Nvidia's main sources of income in the third quarter of this year
During the earnings call, Nvidia CFO Colette Kress specifically pointed out that data center revenue in China increased quarter-on-quarter in the latest quarter, but it was still far below the level before export controls were implemented. However, she believes that the Chinese market will remain highly competitive in the future, and Nvidia will continue to comply with export controls while providing services to customers.
However, during Nvidia CEO Jen-Hsun Huang's visit to Hong Kong last month, his comments on the Chinese business were vague. He stated that Nvidia would continue to "retain" its business in China.
Meanwhile, in response to the question about what strategy Nvidia would adopt in the Chinese market in the future, Nvidia responded, "We do not comment on products that have not yet been released."
Not only in China, but Nvidia is also undergoing an anti-monopoly investigation by the U.S. Department of Justice.
In early August this year, according to a report by the U.S. magazine Information cited by Xinhua News Agency, the U.S. Department of Justice initiated an anti-monopoly investigation into Nvidia, primarily due to complaints from Nvidia's competitors that Nvidia may have abused its dominant market position when selling AI chips.
Based on this, the U.S. Department of Justice is investigating whether Nvidia is forcing cloud computing providers to purchase multiple Nvidia products.
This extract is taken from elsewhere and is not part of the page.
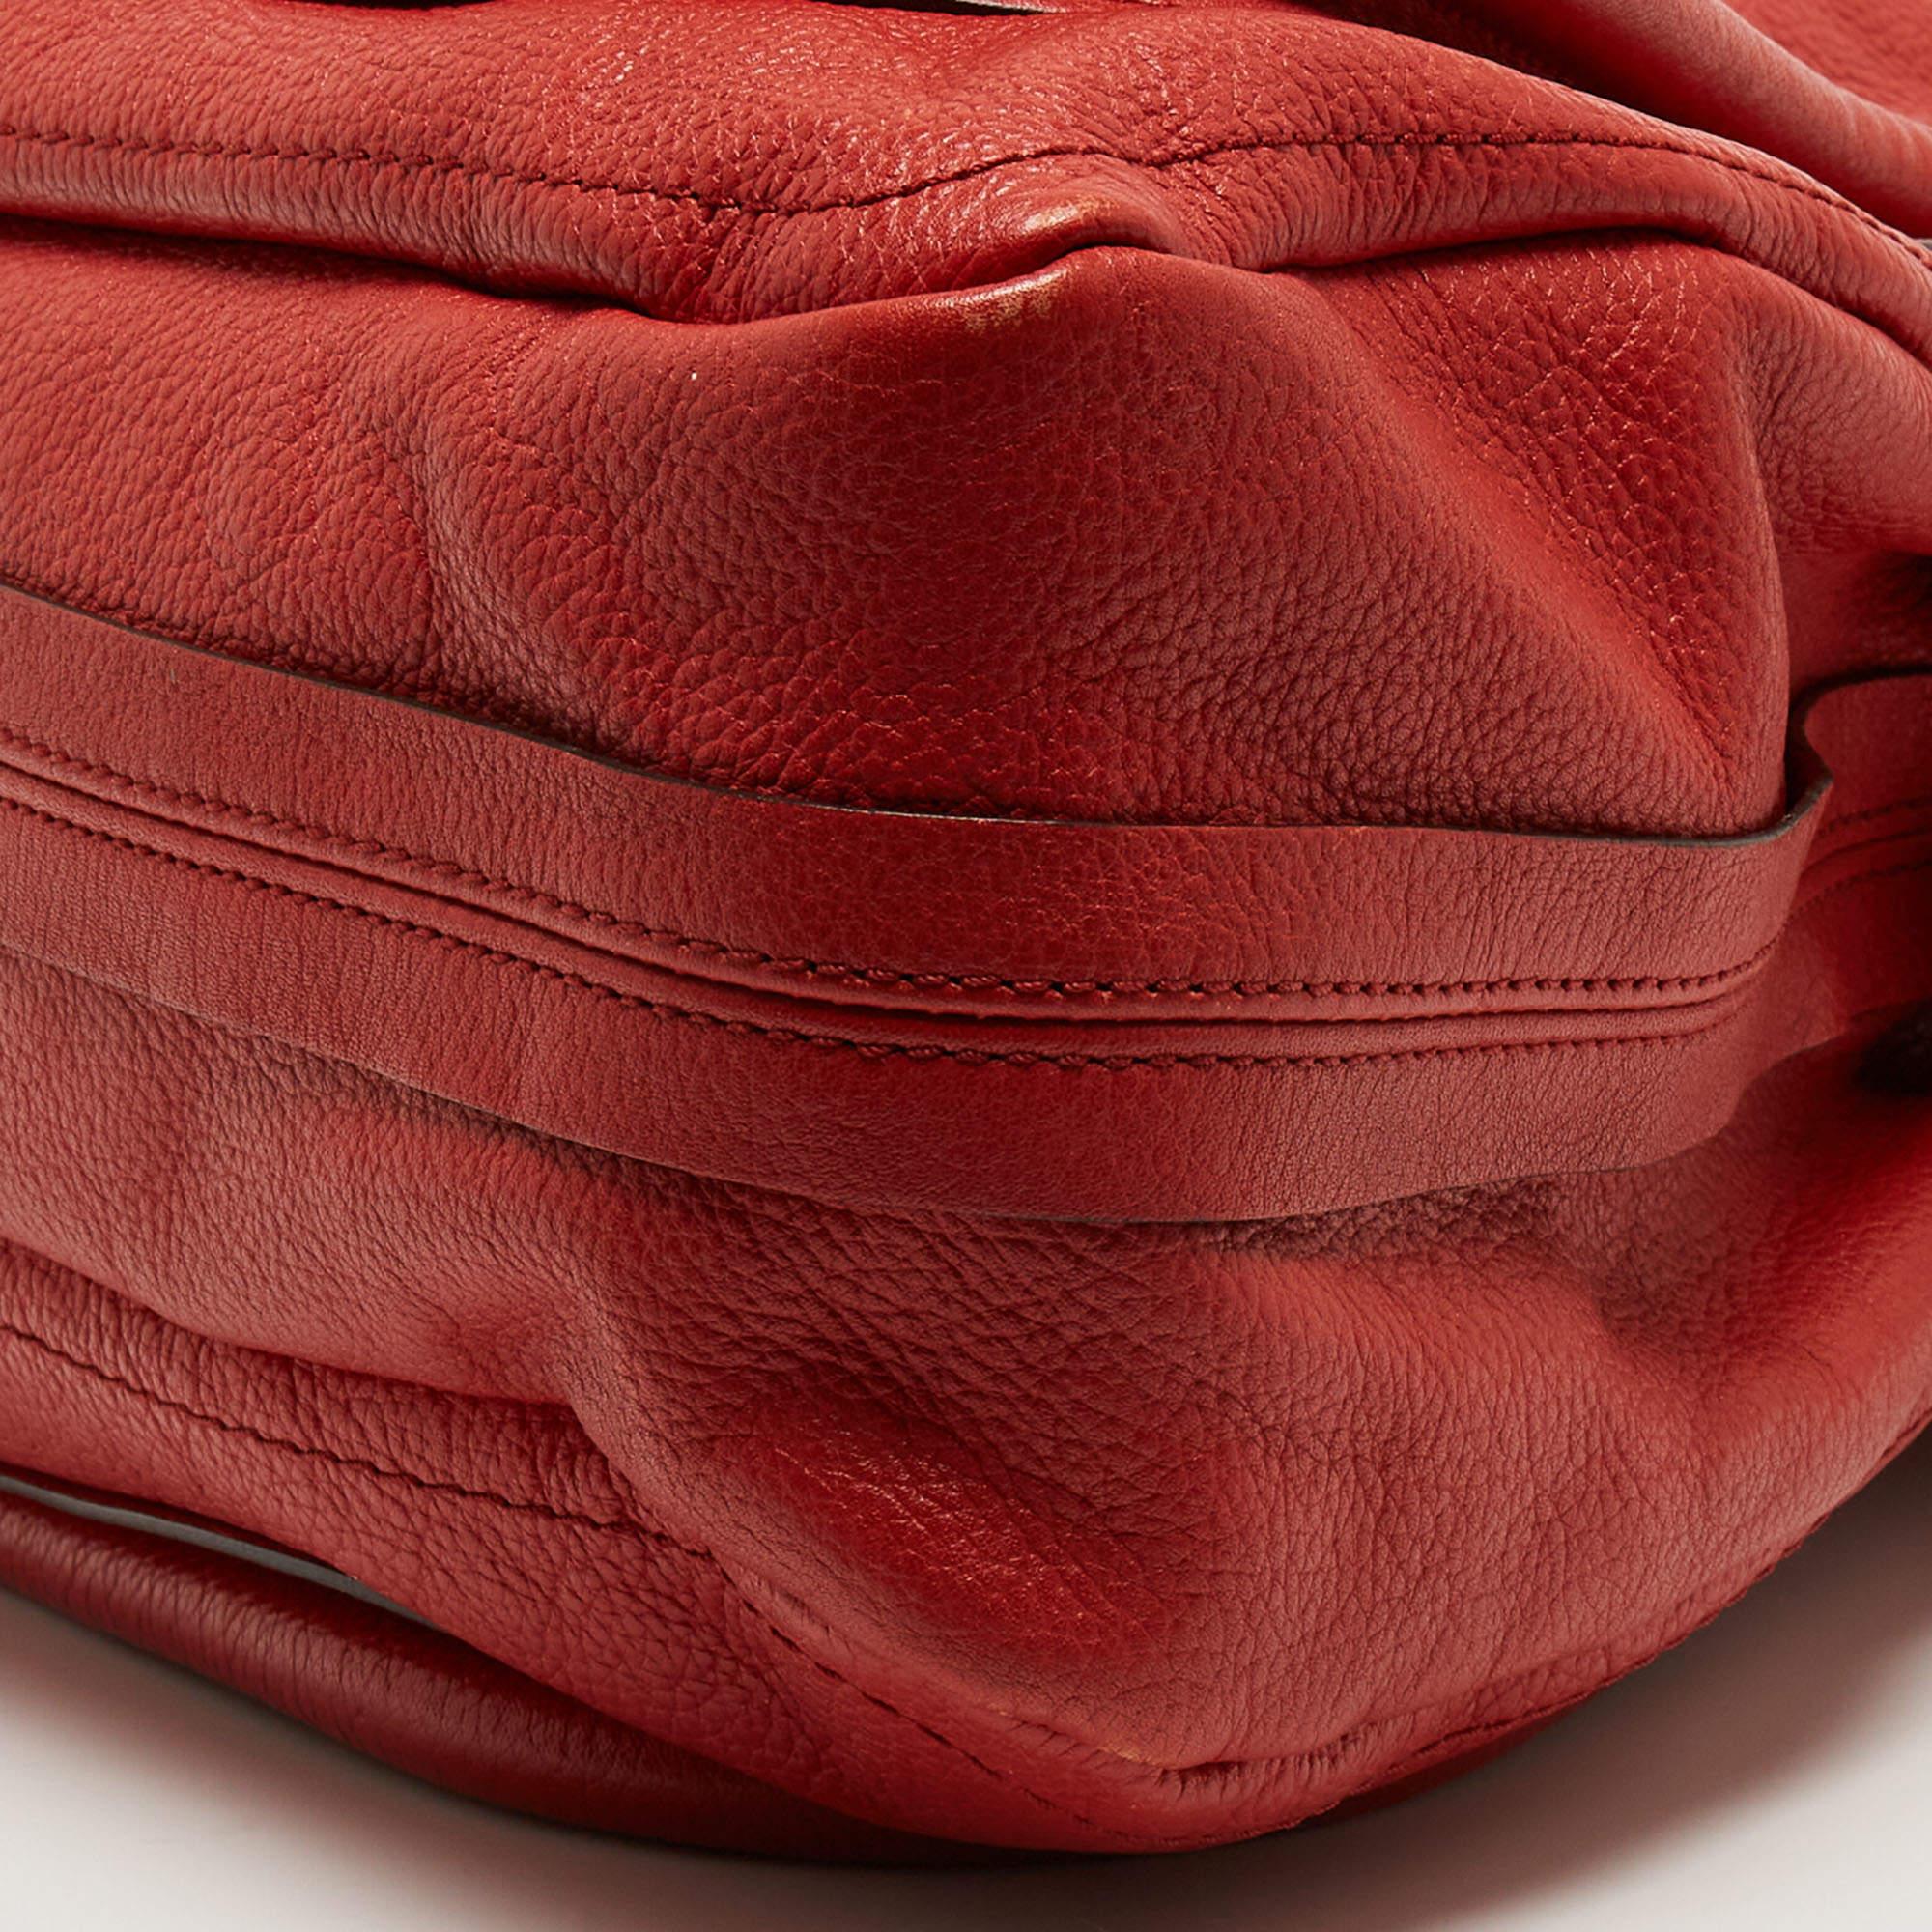 Chloe Brick Red Leather Large Paraty Shoulder Bag 4

The investigation also involves whether Nvidia raises network equipment prices for customers who want to purchase AI chips from competitors such as Advanced Micro Devices (AMD).
It is alleged that the above investigation is still in its early stages.
Nvidia's B100 chip uses SK Hynix's HBM memory chip
It is worth mentioning that the United States recently imposed additional chip sanctions on China.
On December 2, local time, the U.S. Department of Commerce's Bureau of Industry and Security (BIS) announced new rules for semiconductor export controls against China, adding 140 companies to the Entity List, including 136 Chinese companies, one Japanese company, one Singaporean company, and two Korean companies. At the same time, the new rules further restrict the export of 24 semiconductor manufacturing equipment and three software tools and control high-bandwidth memory (HBM) required for AI chips.